Copy exactly the stretch of lines from the one holding "Wipro Announces a" through the last line of the data below, inclusive. Leave out pictures.

## EXERCISE DATA
++++++

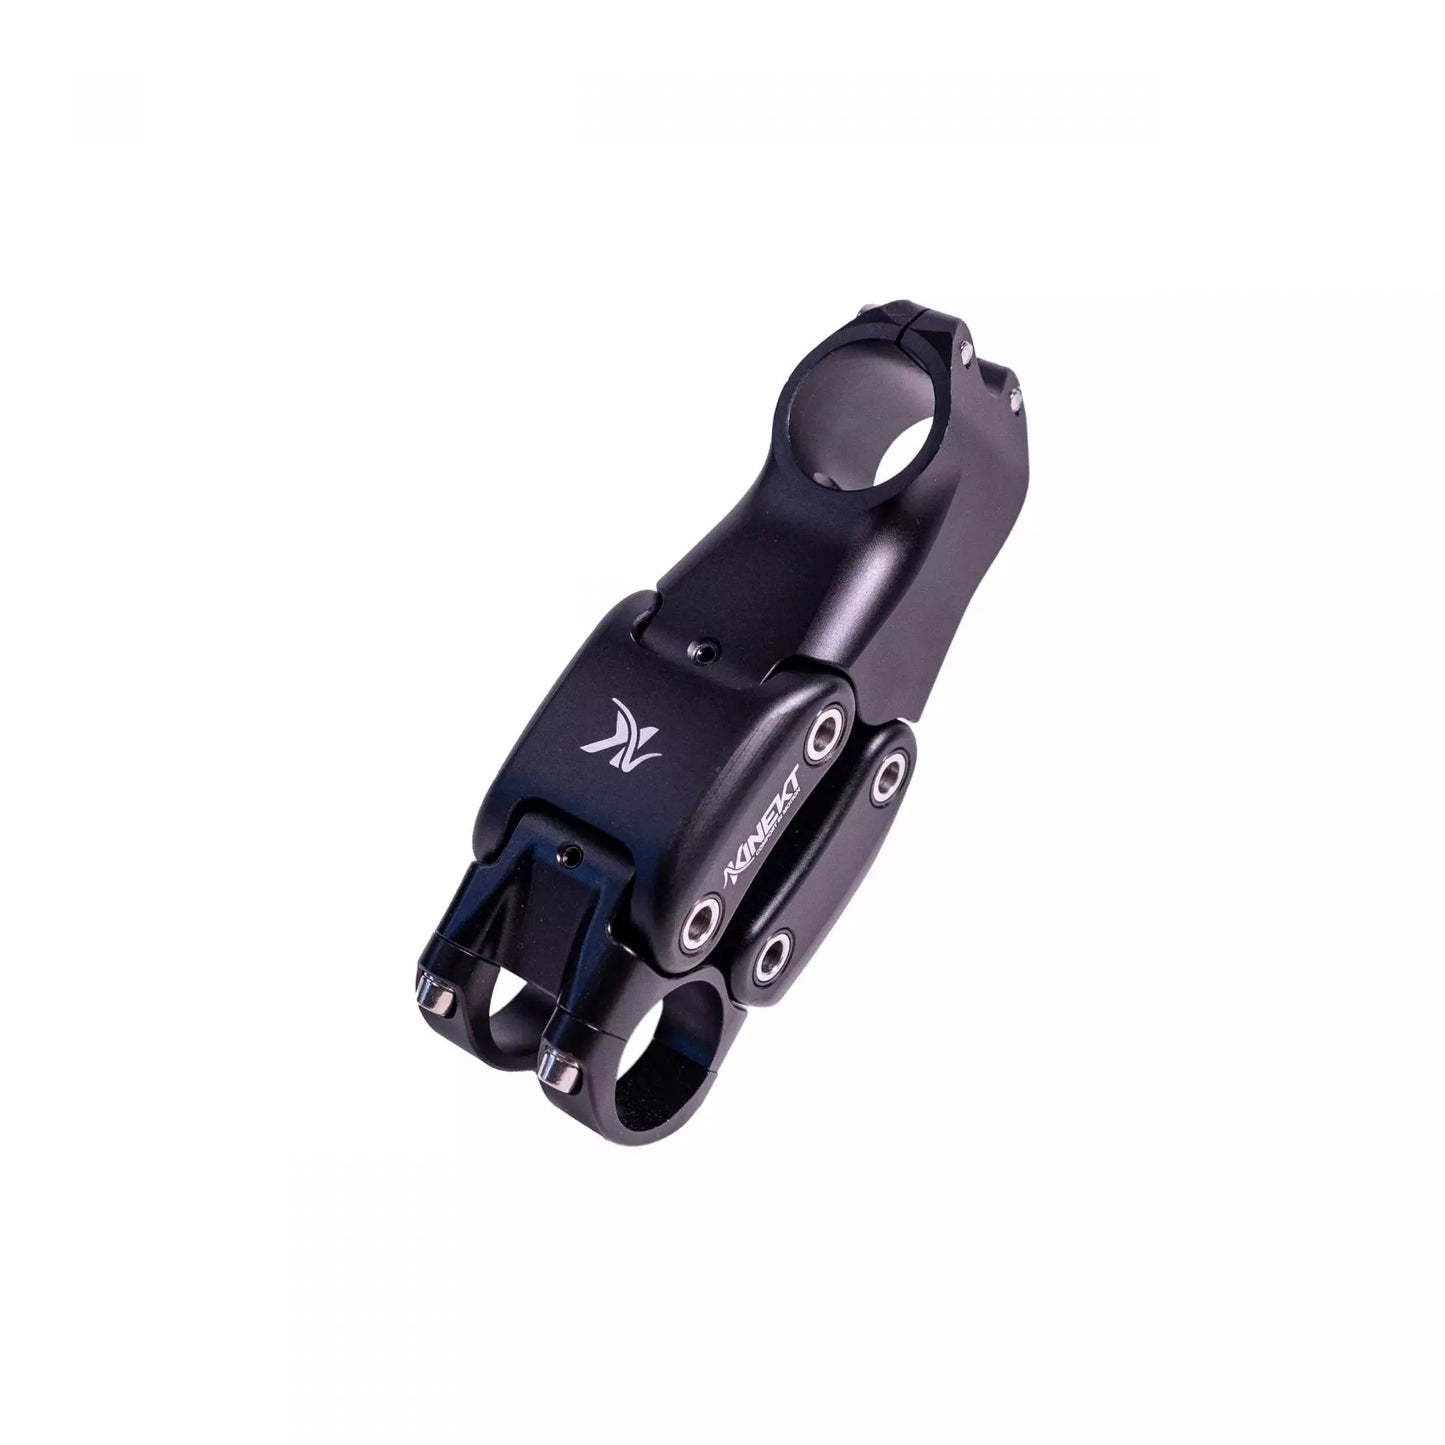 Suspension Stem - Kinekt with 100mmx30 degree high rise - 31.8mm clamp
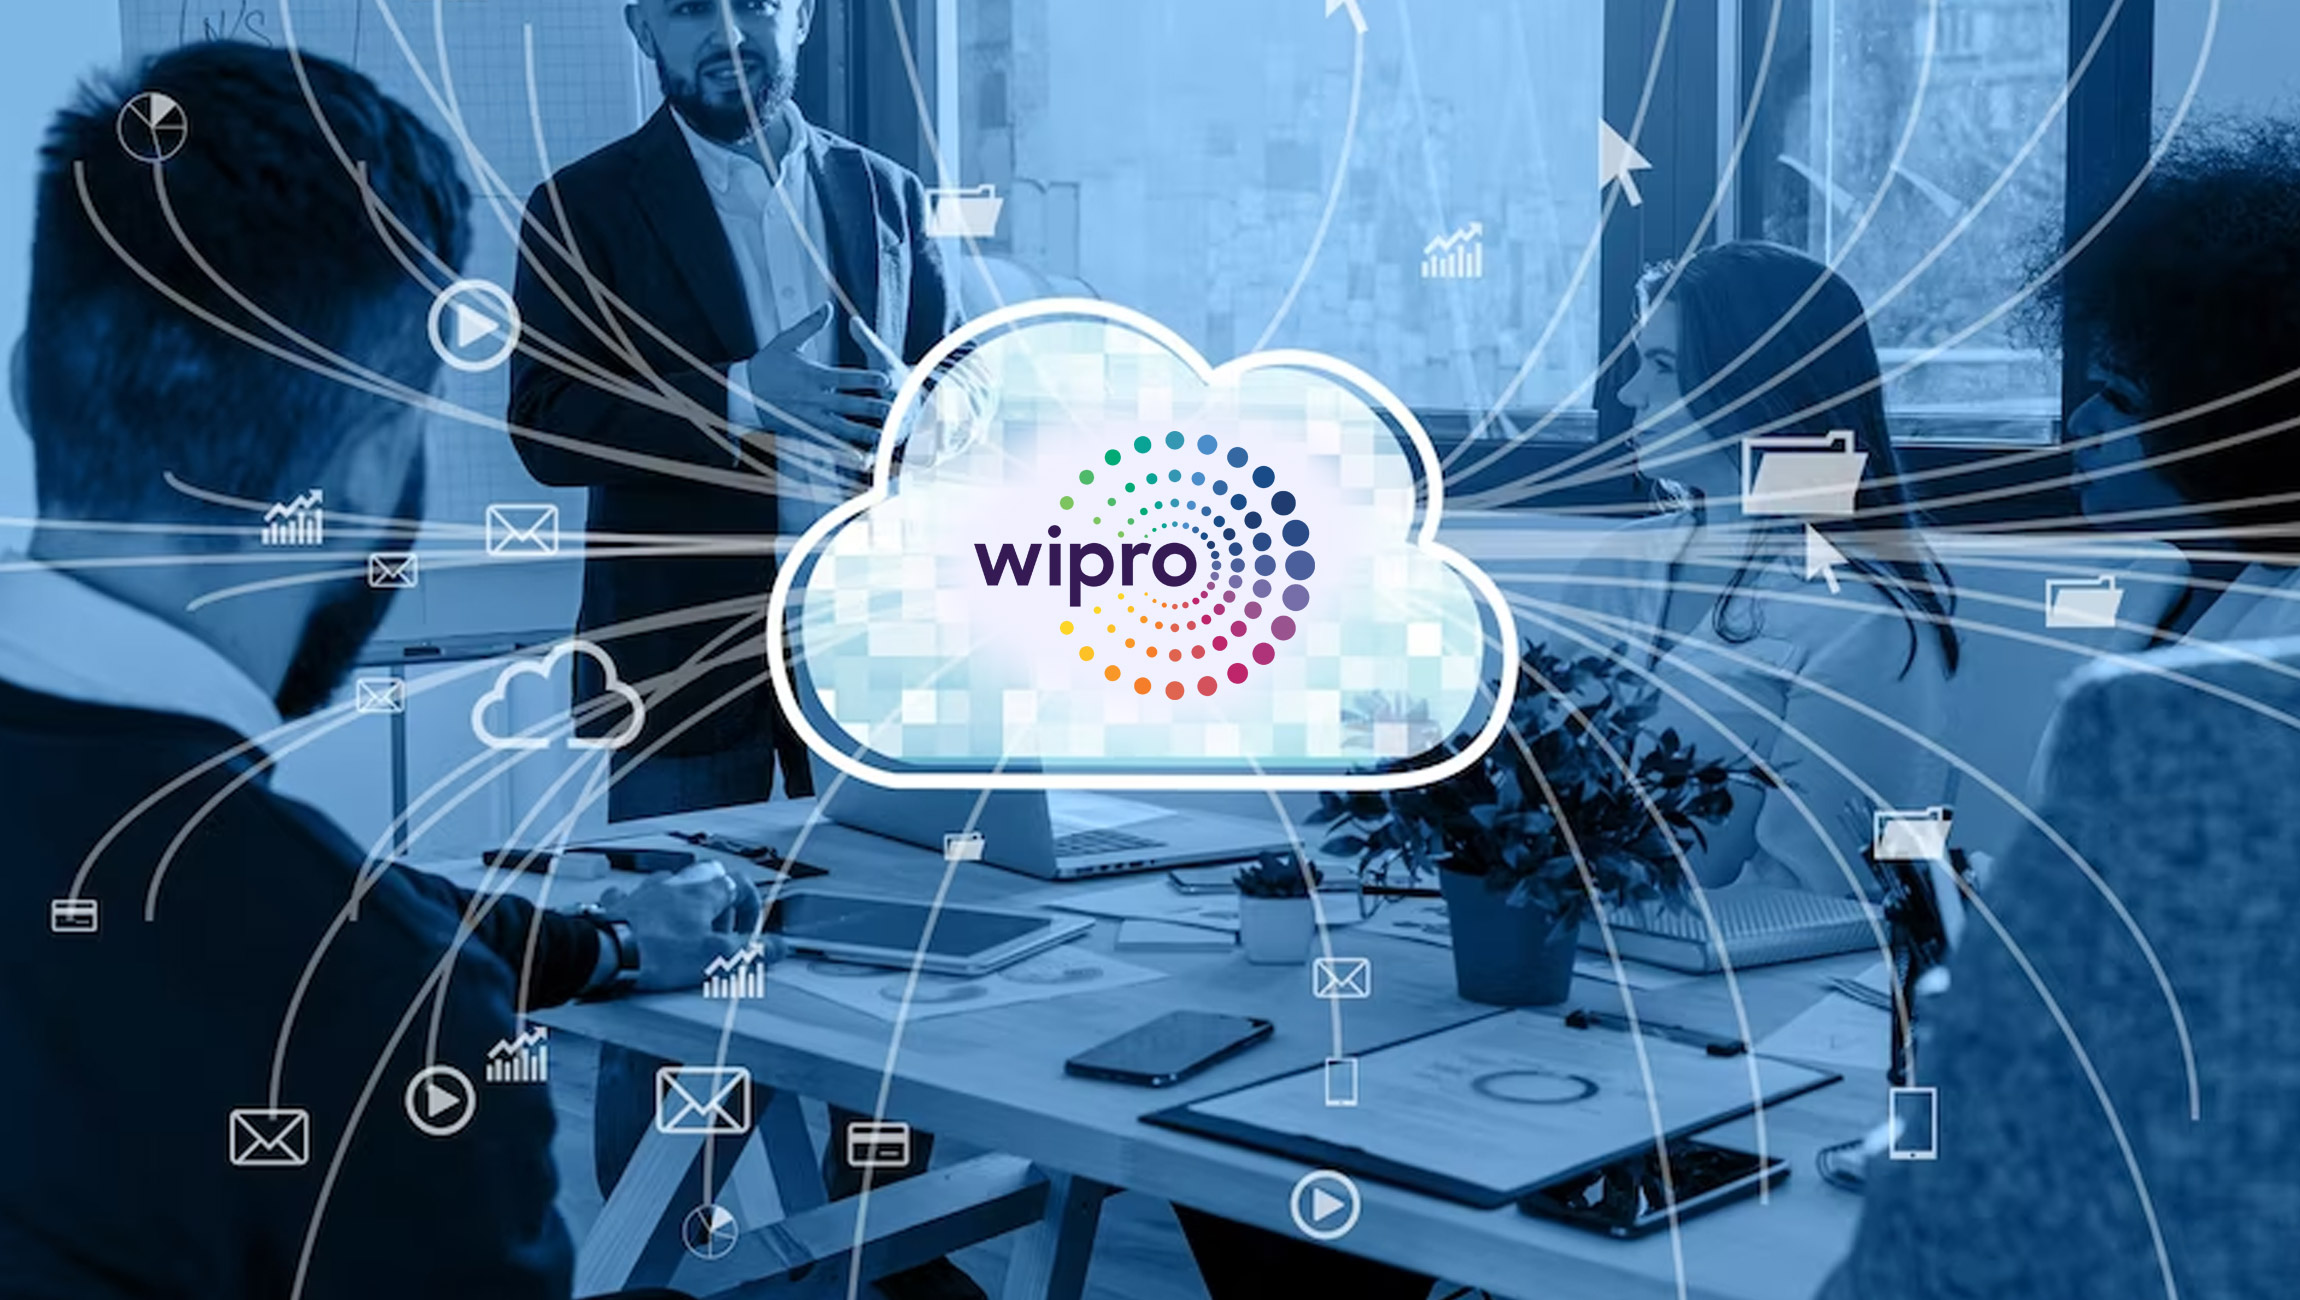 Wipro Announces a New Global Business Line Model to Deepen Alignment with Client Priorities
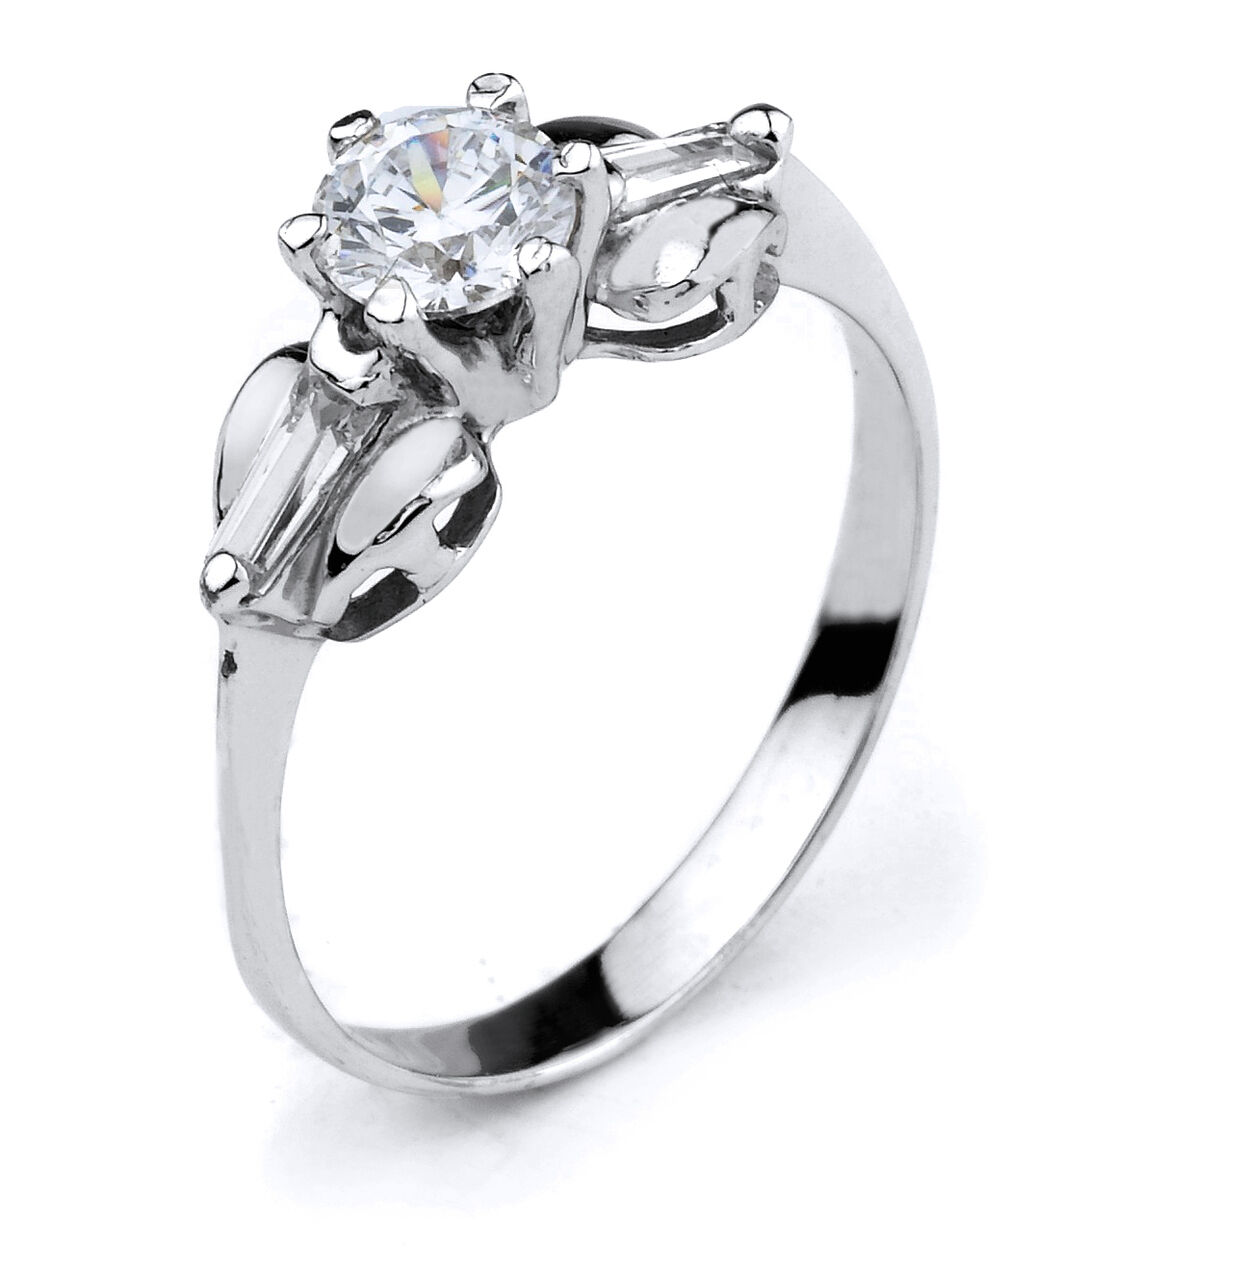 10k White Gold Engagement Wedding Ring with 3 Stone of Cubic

++++++

## ANSWER SECTION
 Wipro Announces a New Global Business Line Model to Deepen Alignment with Client Priorities
 10k White Gold Engagement Wedding Ring with 3 Stone of Cubic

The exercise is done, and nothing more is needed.